Why You Shouldn’t Have a Long-Term Business Plan


COVID-19 is the simplest example of the inefficiency of traditional planning. Did your business plan include a global pandemic? Does anyone have? Of course not! But we all faced it, quickly made adjustments and even found ways to drastically improve our “business as usual” – even if dramatic changes across the world weren’t included in a five-year plan. sole entrepreneur.

When the virus hit, every long-term plan was thrown away, and we all became stronger leaders because we couldn’t rely on a predetermined plan to deal with this challenge. Instead, this “crisis opportunity” compelled us to provide courageous leadership through it. And above all, we have all become more dependent on our main mission for the future rather than relying on our carefully laid plans.

The jarring and rapid adjustments we’ve made during COVID-19 have been a forced push toward what I’ve defined as opportunity leadership. It is a model of leadership that for me as a Christian begins and ends with total trust in God for direction. It allows future destinations to be ordained by the hand of God and loosens our iron grip on the wheel of control. When we adopt it, we no longer need to manipulate our efforts and circumstances to design results that force us to reach predetermined destinations.

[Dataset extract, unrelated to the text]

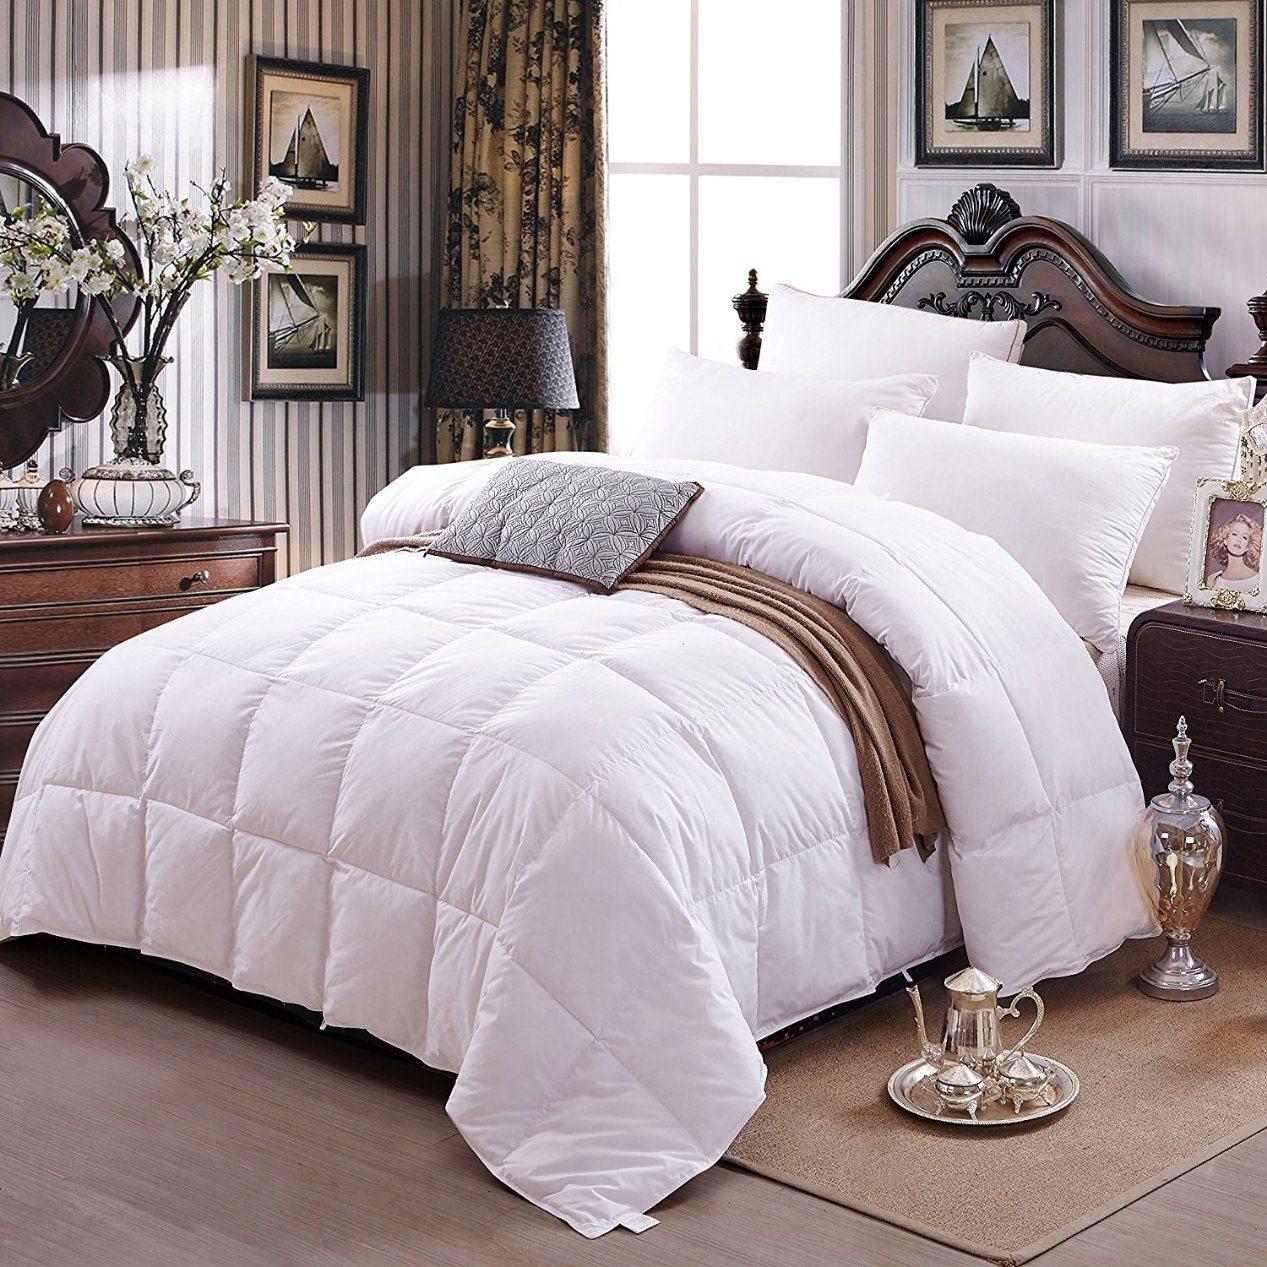 Home Textile 233tc 75% White Duck Down Bedding Comforter
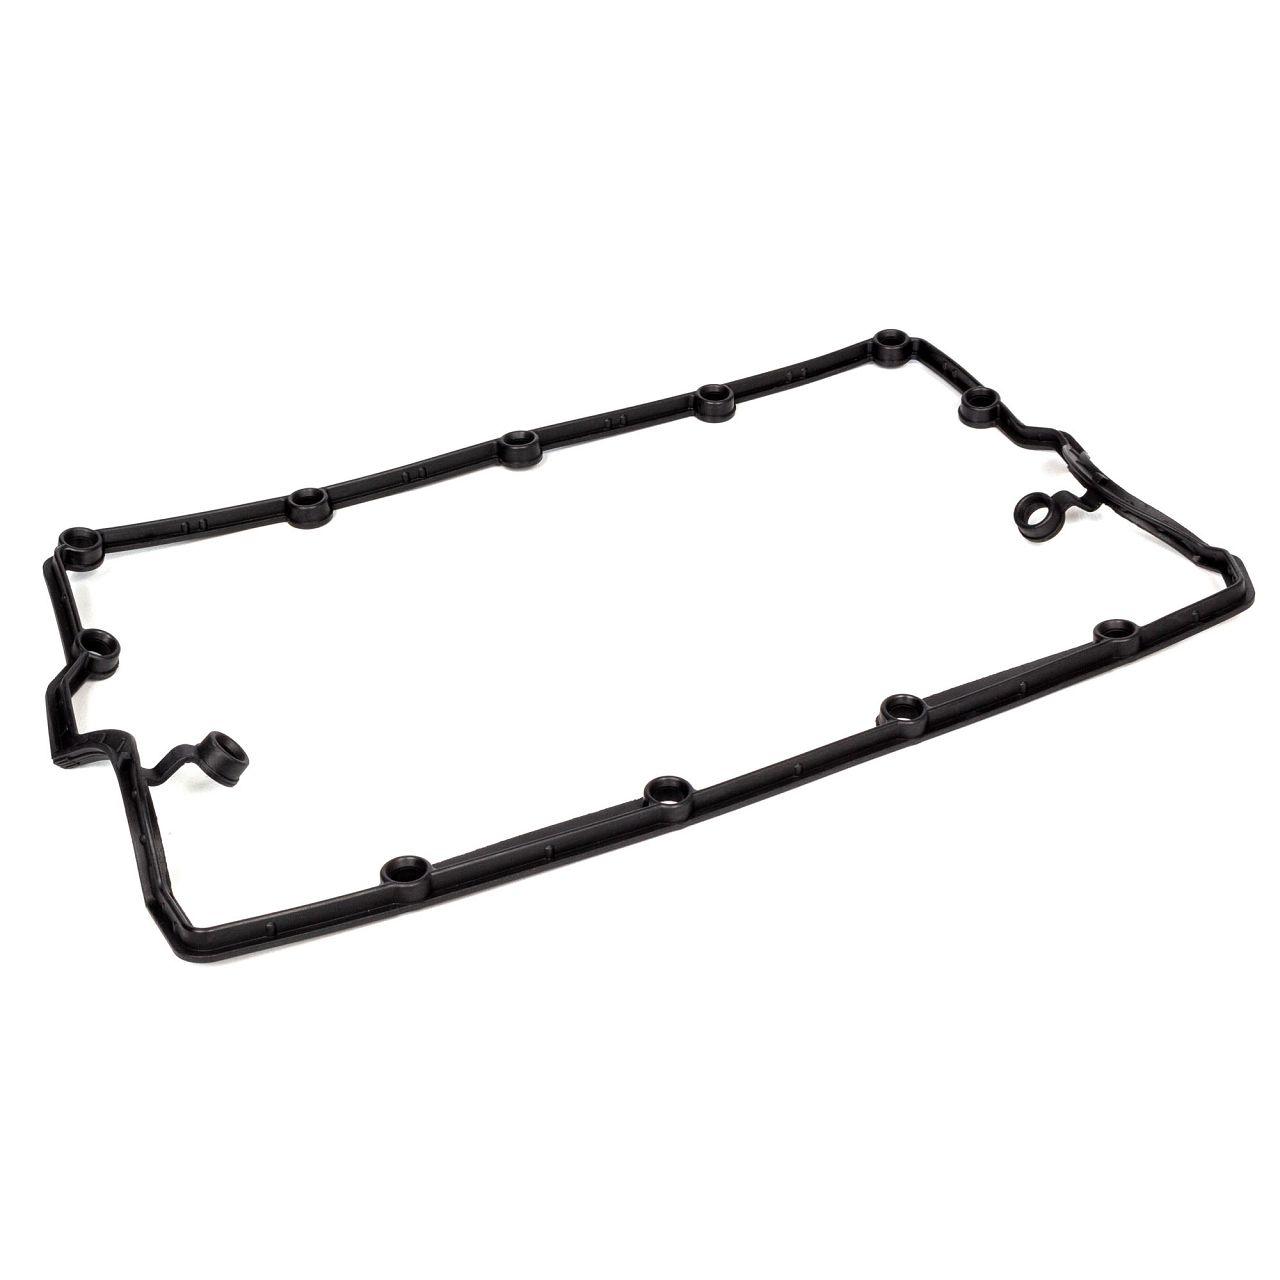 Ventildeckeldichtung Zylinderkopfhaube für AUDI FORD SEAT SKODA VW 1.9TDI 2.0TDI

Opportunity leadership is grounded in the expectation of development opportunities that mesh seamlessly with our mission, gifts, and abilities, propelling us to meaningful destinations. As a result, we become leaders who hone the traits that allow us to create an organizational culture that responds to new opportunities with speed, skill, and energy.

The metaphor of a motorboat versus a sailboat paints a picture illuminating the dramatic difference between traditional long-range planning and opportunity leadership. As leaders, we have a fundamental choice to make – and while the answer is easy, the implementation is difficult:

Would we rather try to achieve an ambitious set of goals by accelerating the engines of our organizational powerboats to create the best programs, structures, benchmarks and future that our well-informed collective thinking can imagine?


Would we rather find our destination in sailboats, prepared and equipped to catch God’s wind to go only where it might take us?

While the second choice is clearly our desire, too often we plan, work, and lead as if our direction is totally dependent on how much power we can generate and on the best path we can envision. We can be proud when our motorboats are big, well-built, and polished, but even a poorly designed, worn-out little sailboat will outrun a motorboat every time, because only the sailboat can catch God’s wind.

In the spring of 2020, when your business assumptions and long-term plan were scuttled, you started innovating, moving fast, adjusting on the fly. In doing so, you trusted God more than ever for the future and saw opportunities and solutions unfold that you never imagined.

As horrifying as the coronavirus pandemic lockdown has been, it has pushed us to a new level of speed and freed us from many assumptions that have restricted our thinking about new opportunities. Yes, retail stores and restaurants can serve customers while keeping their doors closed, churches don’t need to have in-person services to help people, and classrooms can indeed meet virtually.

Uber and Airbnb weren’t technological breakthroughs. They were the brainchild of those who looked beyond assumptions and envisioned providing the same service in ways that were free from compliance limitations. They believed that some people would be willing to drive a stranger around in their own car or let them stay in the guest room of their house.

New opportunities are not missed due to a lack of abilities, strengths or skills. They are wasted because most organizations are simply too slow to make decisions and take action. I am convinced that most would rather live in mediocrity than struggle with a speed of change that pushes them into uncertainty.

Opportunities are moving targets. You can’t freeze everything until you have all your ducks in a row to make your best call. If this is your approach, by the time you are ready, the opportunity will have passed and your slow pace will have made the decision for you.

Some leaders are inclined to shy away from opportunities that require speed, because we assume that small, under-resourced organizations can’t do what larger brand operations are tackling. We surmise that all it takes to function with speed is something we don’t have.

I would support the opposite position. Yes, larger entities have market presence and deeper pockets, but smaller companies are much more nimble and can move at a speed that larger operations cannot generate.

Small does not make us inferior. We have a lean race team with fewer segmented experts and more collaborative generalists.

Underfunding does not make us incapable. We have a bank account guided by prudent choices instead of surpluses.

The unknown does not make us ineffective. We have a deep level of service replaced by a high profile.

Convinced that we will never have their resources or reach, we envy market leaders while cowering at the speed required to seize opportunities. But don’t focus on your neighbor’s opportunities – trust that God will bring you suitable opportunities specially designed for you.

If leading without a plan got you through the worst crisis in modern history, imagine how abandoning long-term planning could boost your innovation and service when we return to normal? Your future will be the story of an overwhelming challenge turned into a surprising opportunity you never planned for.